Task statement: Before printing the listing, strip out its pictures and keep everything else exact.

Available data:

——————————

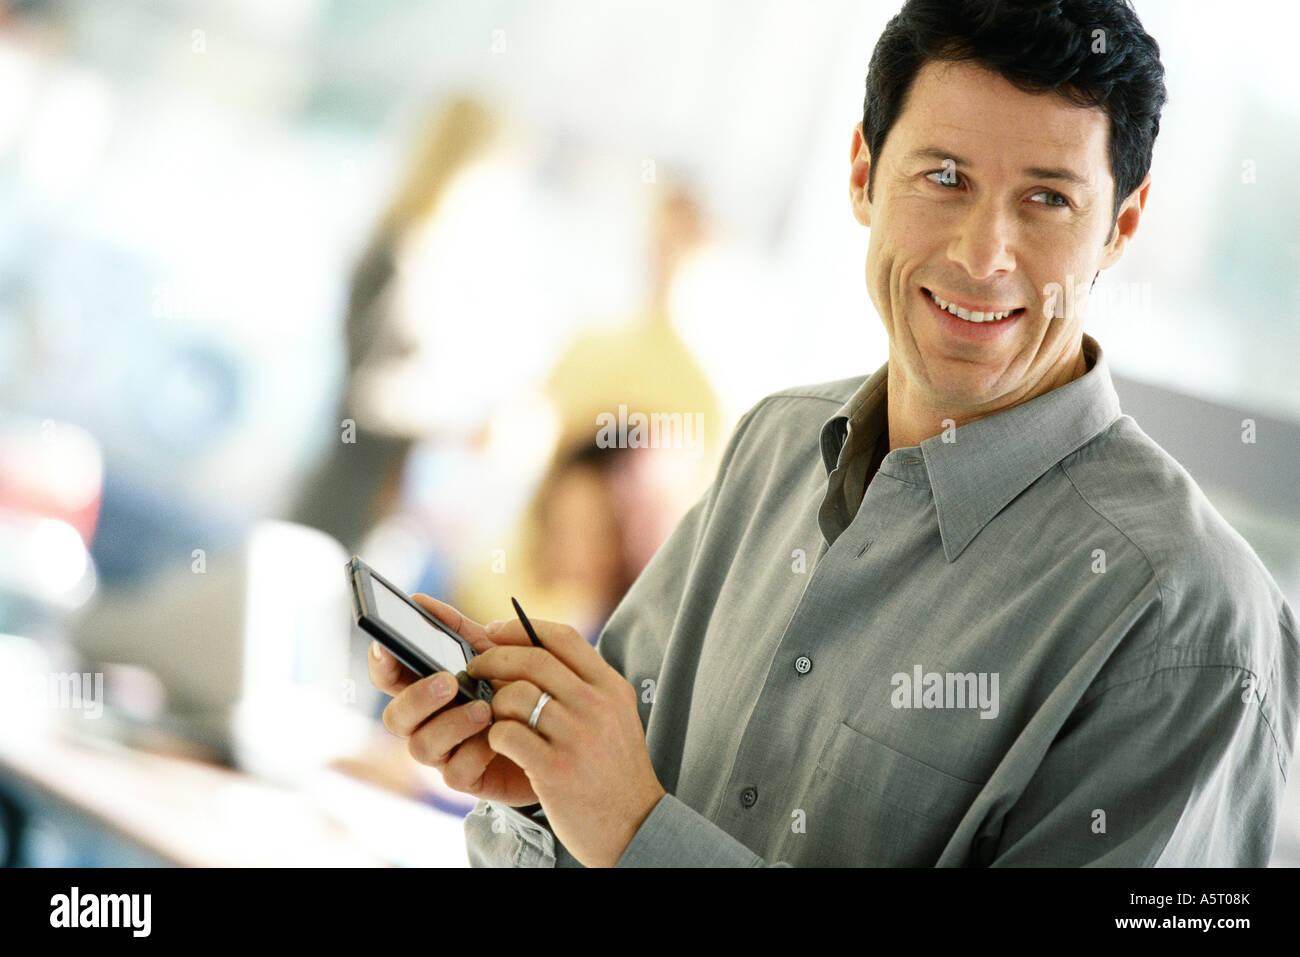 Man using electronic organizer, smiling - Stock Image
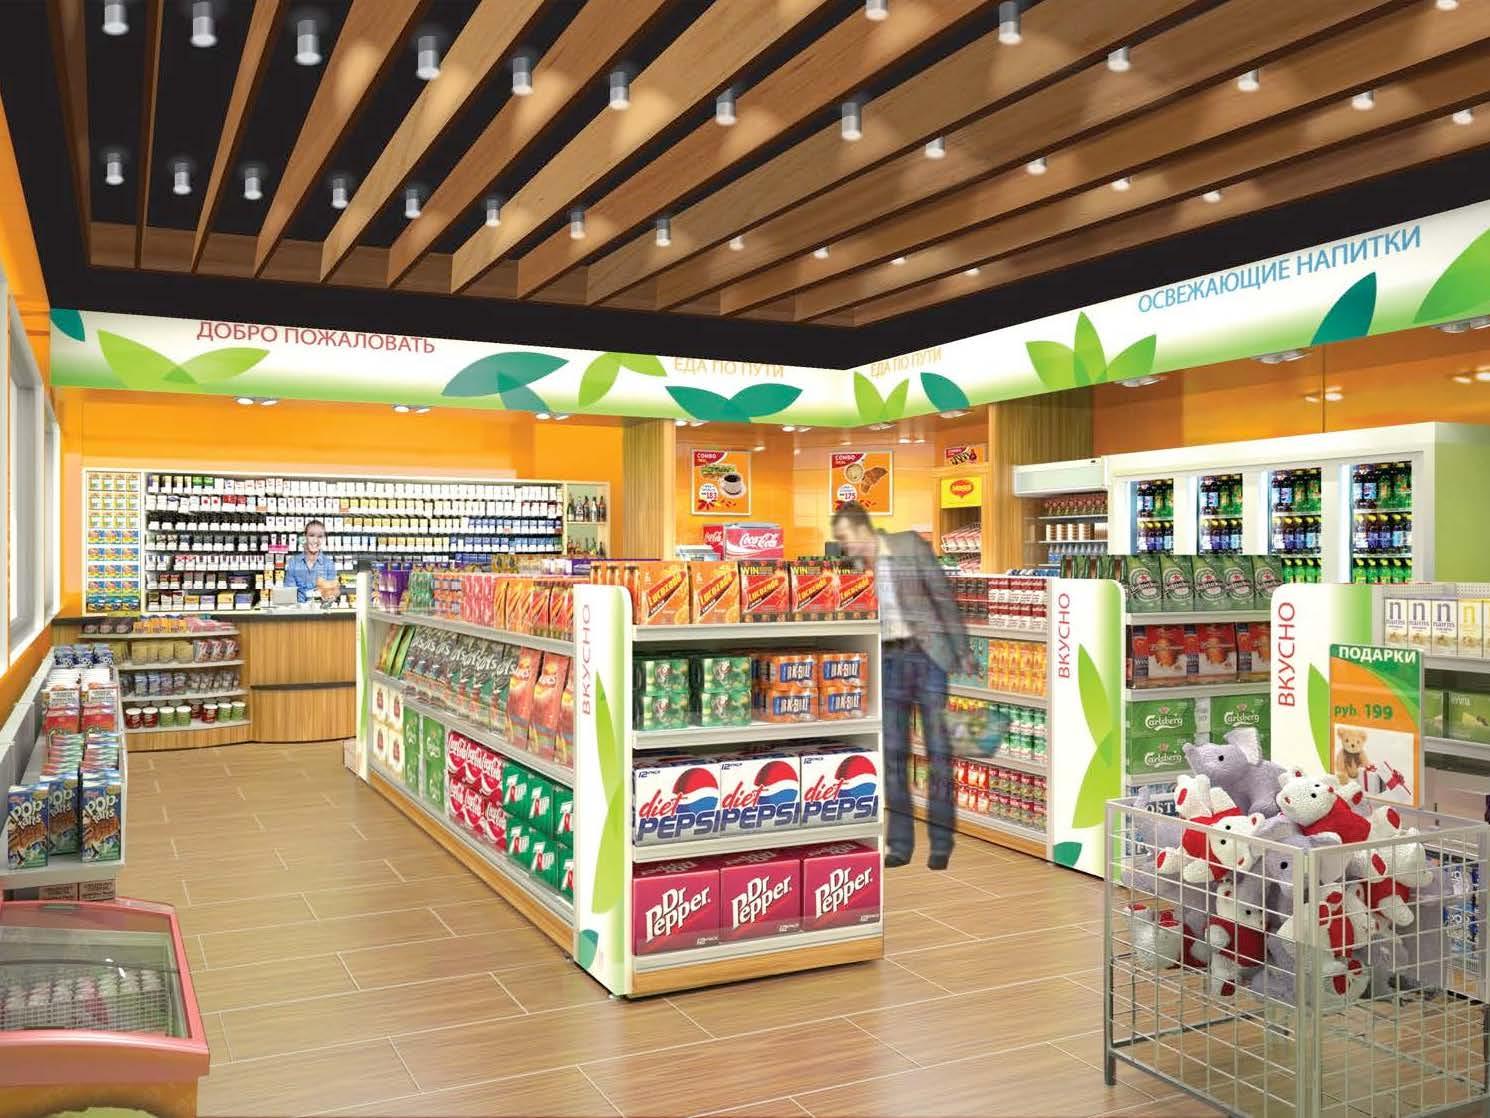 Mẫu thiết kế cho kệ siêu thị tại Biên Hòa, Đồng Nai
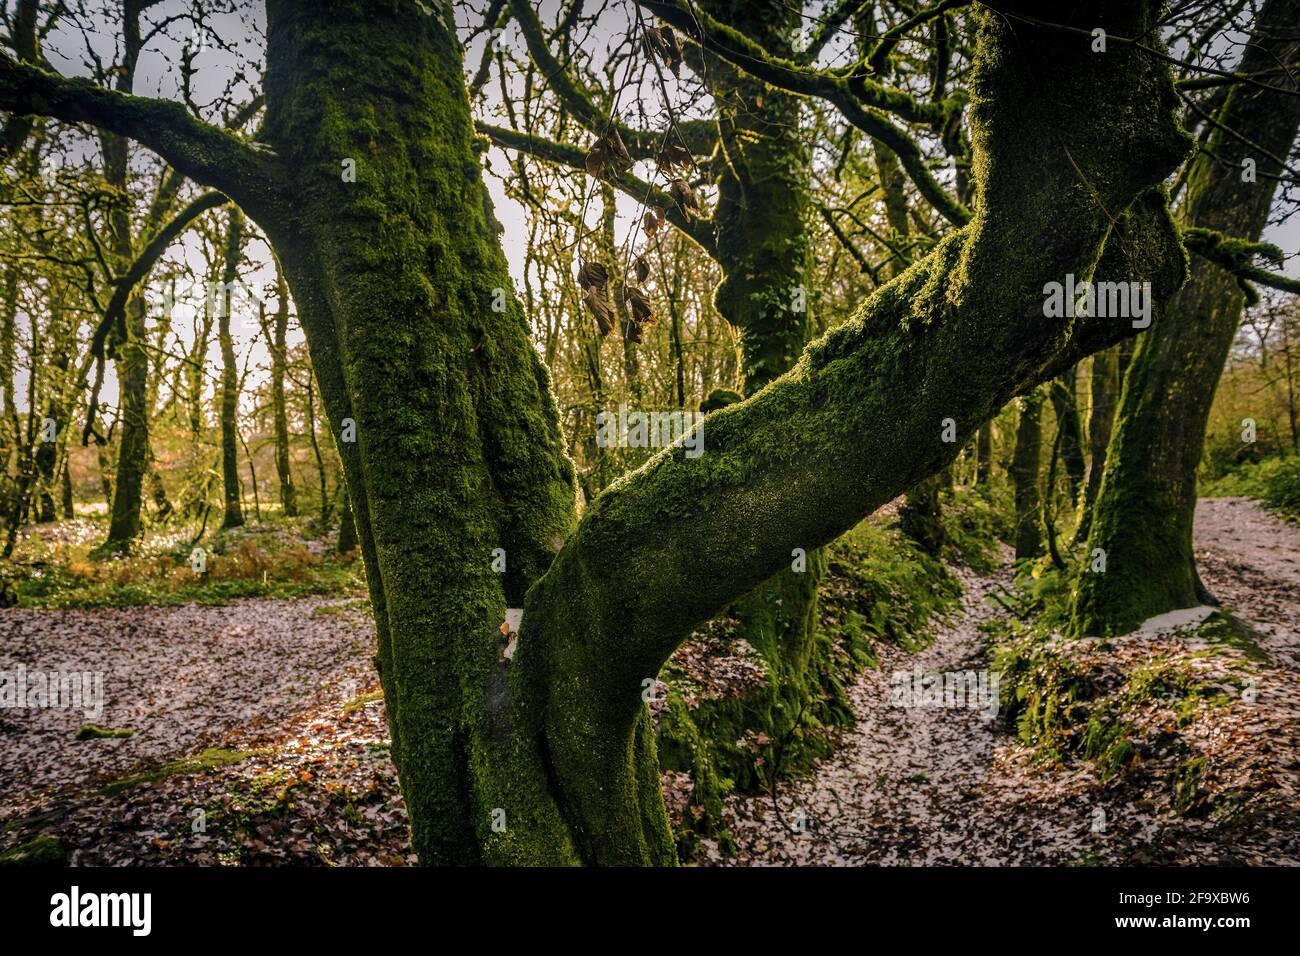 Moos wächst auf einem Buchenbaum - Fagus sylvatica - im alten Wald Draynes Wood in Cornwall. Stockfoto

——————————

Answer to the exercise:
 Man using electronic organizer, smiling - Stock Image
 Mẫu thiết kế cho kệ siêu thị tại Biên Hòa, Đồng Nai
 Moos wächst auf einem Buchenbaum - Fagus sylvatica - im alten Wald Draynes Wood in Cornwall. Stockfoto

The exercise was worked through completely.